Петр Перцов прожил жизнь долгую и странную. Живи он в наше время, его, наверное, назвали бы аутсайдером. Он и был аутсайдером — последовательным, можно сказать, принципиальным и вместе с тем как бы невольным. В его аутсайдерстве не было и тени позерства. Меньше всего напоминает он традиционный образ литературного маргинала, отщепенца, “прбоклятого”. Путь Перцова как бы сам собой сложился таким образом, что, побывав гостем нескольких станов, он везде занимал позицию особую и, этой особостью дорожа прежде всего, всегда находился не в центре, а где-то сбоку, на периферии.
Совсем молодым человеком оказавшись сотрудником народнического “Русского богатства”, Перцов вместо ожидавшейся от него популяризации идей Михайловского и компании попытался донести до читателей журнала мысль о самоценности искусства.

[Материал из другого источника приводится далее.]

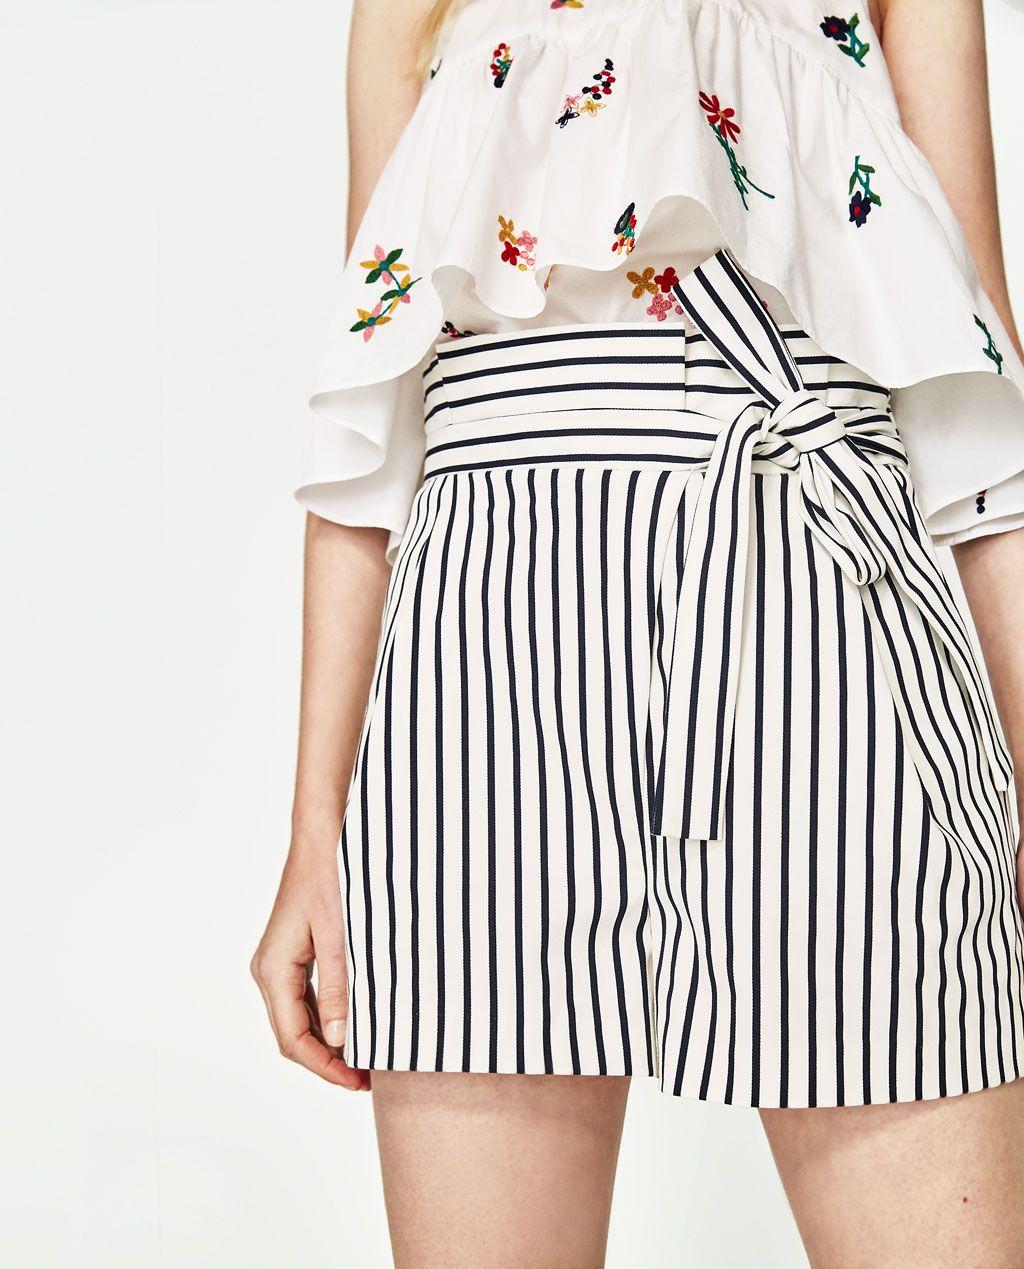 Stoffen Korte Broek Dames.Bermuda Met Plooien En Strik Shorts Dames Zara Nederland Mode In

После отлучения от журнала он уехал на родину, в Казань, и там, по его собственному выражению, “отвел себе душу за весь великий пост „Русского богатства””, внушая “казанскому обывателю уважение к поэтическому творчеству и его независимости от злободневных потребностей”.
Эволюция взглядов Перцова естественным образом заставила его искать союзников среди приверженцев едва начинавшего тогда зарождаться модернизма. Переписку Брюсова с Перцовым А. В. Лавров в предисловии к изданию “Литературных воспоминаний” определяет как “наиболее пространный, многообразный по содержанию и напряженный по мысли эпистолярный диалог из всех, которые вел сначала отверженный поэт-декадент, а потом мэтр русских символистов со своими именитыми современниками”. Парадокс в том, что к своим спутникам Перцов и на этот раз относился с изрядной долей скептицизма. Поэзию Брюсова он признавал, но она никогда не была ему особенно близка; Бальмонт же и вовсе представлялся Перцову литературным недоразумением и фигурой откровенно комической. Достаточно прочитать тот эпизод “Литературных воспоминаний”, где Перцов рассказывает, как лежавшего на парижской мостовой пьяного Бальмонта переехал фиакр: в этот момент, резюмирует автор, “он чувствовал себя, вероятно, наиболее законным наследником „безумного Эдгара””. Поэтическим идеалом для Перцова навсегда остались Фет, Полонский и Майков, и сам он всю жизнь писал стихи, лишенные какого бы то ни было следа модернистских влияний.